18.11.2020

Durch Beobachtung hunderter Proteine schneller zu neuen Medikamenten

Forscher/innen der ÖAW haben eine hochskalierbare Methode entwickelt, die es erlaubt, hunderte von Proteinen parallel zu untersuchen, um die Veränderungen ihrer Mengen und Lokalisierungen in der Zelle zu verfolgen. Diese neuartige Strategie kann verwendet werden, um die Auswirkungen von Wirkstoffkandidaten auf zahlreiche Proteine in der Zelle zu beobachten. Das könnte die Entwicklung von Medikamenten beschleunigen, wie die Wissenschaftler/innen im Fachjournal Genome Research schreiben.

Ein Zellpool mit hunderten markierten Proteinen
Ein Zellpool mit hunderten markierten Proteinen © Andreas Reicher / CeMM/ÖAW

Proteine sind große Moleküle in der Zelle, die für Struktur und Funktion von Gewebe und Organen im Körper erforderlich sind. Sie sind für fast alle Aufgaben des zellulären Lebens verantwortlich und können so vielfältig sein wie die Funktionen, die sie erfüllen. Die Mengen und Lokalisierungen von Proteinen innerhalb der Zelle steuern wichtige Aspekte vieler zellulärer Prozesse und können als Ziele für die Entwicklung von Medikamenten fungieren.

Neue Methode zur Wirkstoffentdeckung

Traditionell verwenden Wissenschaftler/innen eine Fluoreszenzmarkierung, um einzelne Proteine zu markieren und ihre Rolle in der Zelle zu untersuchen. Diese Methode erlaubt es, zum Beispiel die Effekte verschiedener Medikamentendosierungen auf ein einzelnes Protein zeitaufgelöst zu untersuchen.

Andreas Reicher und Anna Koren aus der Gruppe von Stefan Kubicek am CeMM - Forschungszentrum für Molekulare Medizin der Österreichischen Akademie der Wissenschaften (ÖAW) haben nun eine neuartige Strategie entwickelt, die es zum ersten Mal erlaubt, Veränderungen in einer sehr hohen Anzahl von Proteinen parallel zu beobachten und zu charakterisieren. Mit dieser Methode können nicht nur die Wirkungen bestimmter bekannter Medikamente in den Zellen beschrieben und besser verstanden werden, sondern auch neue Wirkstoffe entdeckt werden, die durch Beeinflussung der Proteinspiegel oder -lokalisationen in den Zellen wirken.

Beschleunigung bei Entwicklung von Medikamenten

Die ÖAW-Forscher/innen entwickelten eine auf CRISPR-Cas9 basierende Markierungsstrategie, um Zellpools zu erzeugen, die hunderte von markierten Proteinen enthielten.
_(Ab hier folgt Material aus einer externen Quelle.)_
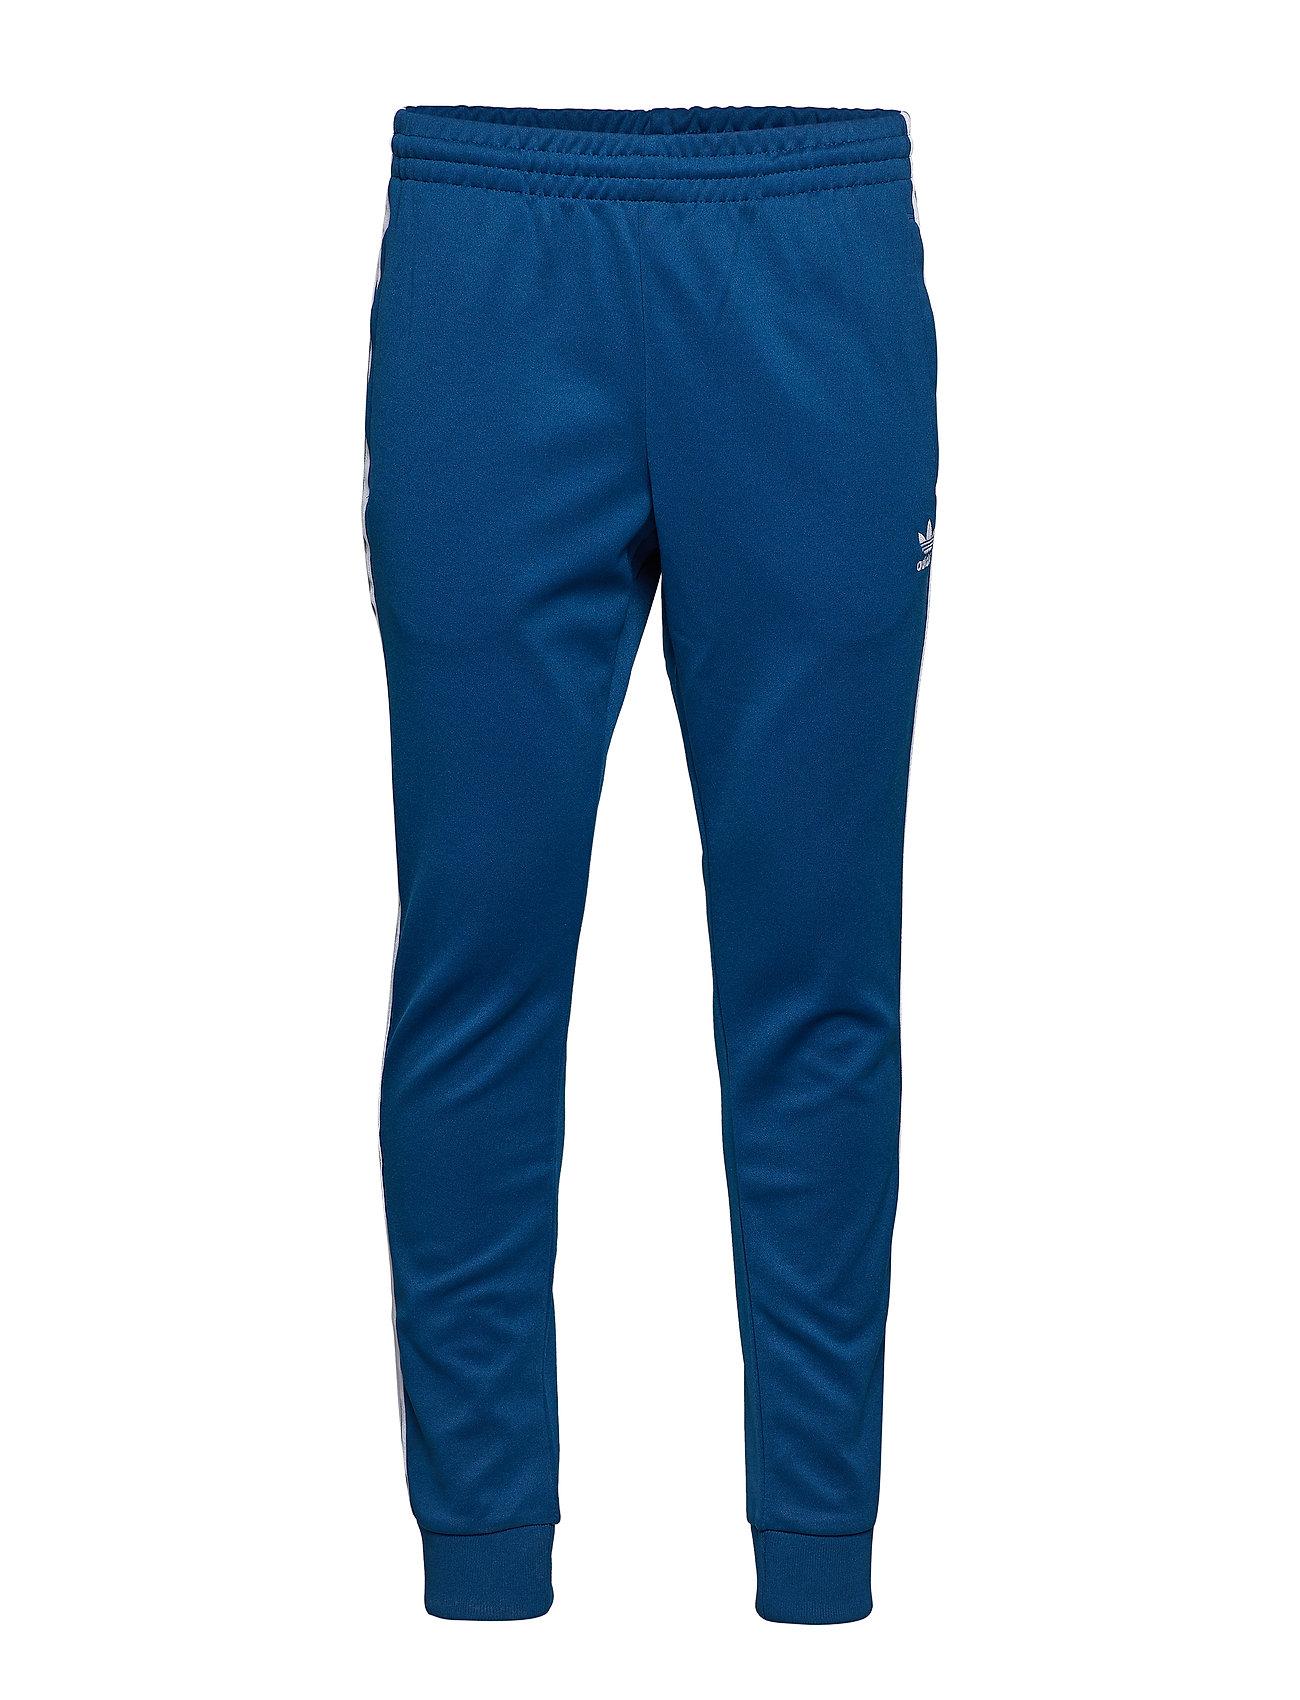 Adidas Originals SST TP Byxor

Diese Zellpools wurden nun niedermolekularen Substanzen sowie dem zugelassenen Krebsmedikament Methotrexat ausgesetzt. Mithilfe von Zeitraffermikroskopie wurde dann beobachtet, ob es als Reaktion auf die Behandlung zu Veränderungen in der Konzentration oder Lokalisierung der markierten Proteine der Zellen im Pool kam. Eine In-situ-Sequenzierung ermöglichte zudem festzustellen, welche der hunderten Proteine im Zellpool die Lokalisierung veränderten. So konnten die Forscher/innen sowohl erwartete als auch bisher unbekannte Auswirkungen der Substanzen aufspüren.

„Diese Methode kann auf chemische Bibliotheken und Kandidatenmoleküle angewandt werden, um Wirkstoffe zu entwickeln und umfassend zu charakterisieren“, erklärt Stefan Kubicek vom CeMM der ÖAW. Dadurch könne die Entwicklung von Medikamenten mit neuartigen Wirkmechanismen beschleunigt werden, ist Kubicek zuversichtlich.

 

AUF EINEN BLICK

Publikation:

„Pooled protein tagging, cellular imaging, and in situ sequencing for monitoring drug action in real time“, Andreas Reicher, Anna Koren, Stefan Kubicek, GenomeResearch, 2020
DOI: www.genome.org/cgi/doi/10.1101/gr.261503.120

Förderung:

Die Studie wurde mit Unterstützung der Österreichischen Akademie der Wissenschaften (ÖAW), des Bundesministeriums für Digitalisierung und Wirtschaftsstandort, der Österreichische Nationalstiftung für Forschung, Technologie und Entwicklung, des Österreichischen Wissenschaftsfonds (FWF) sowie mit Forschungsgeldern des Europäischen Forschungsrats (ERC) im Rahmen des Forschungs- und Innovationsprogramms „Horizont 2020“ der Europäischen Union finanziert. Andreas Reicher wurde durch ein PhD-Stipendium des Boehringer Ingelheim Fonds unterstützt.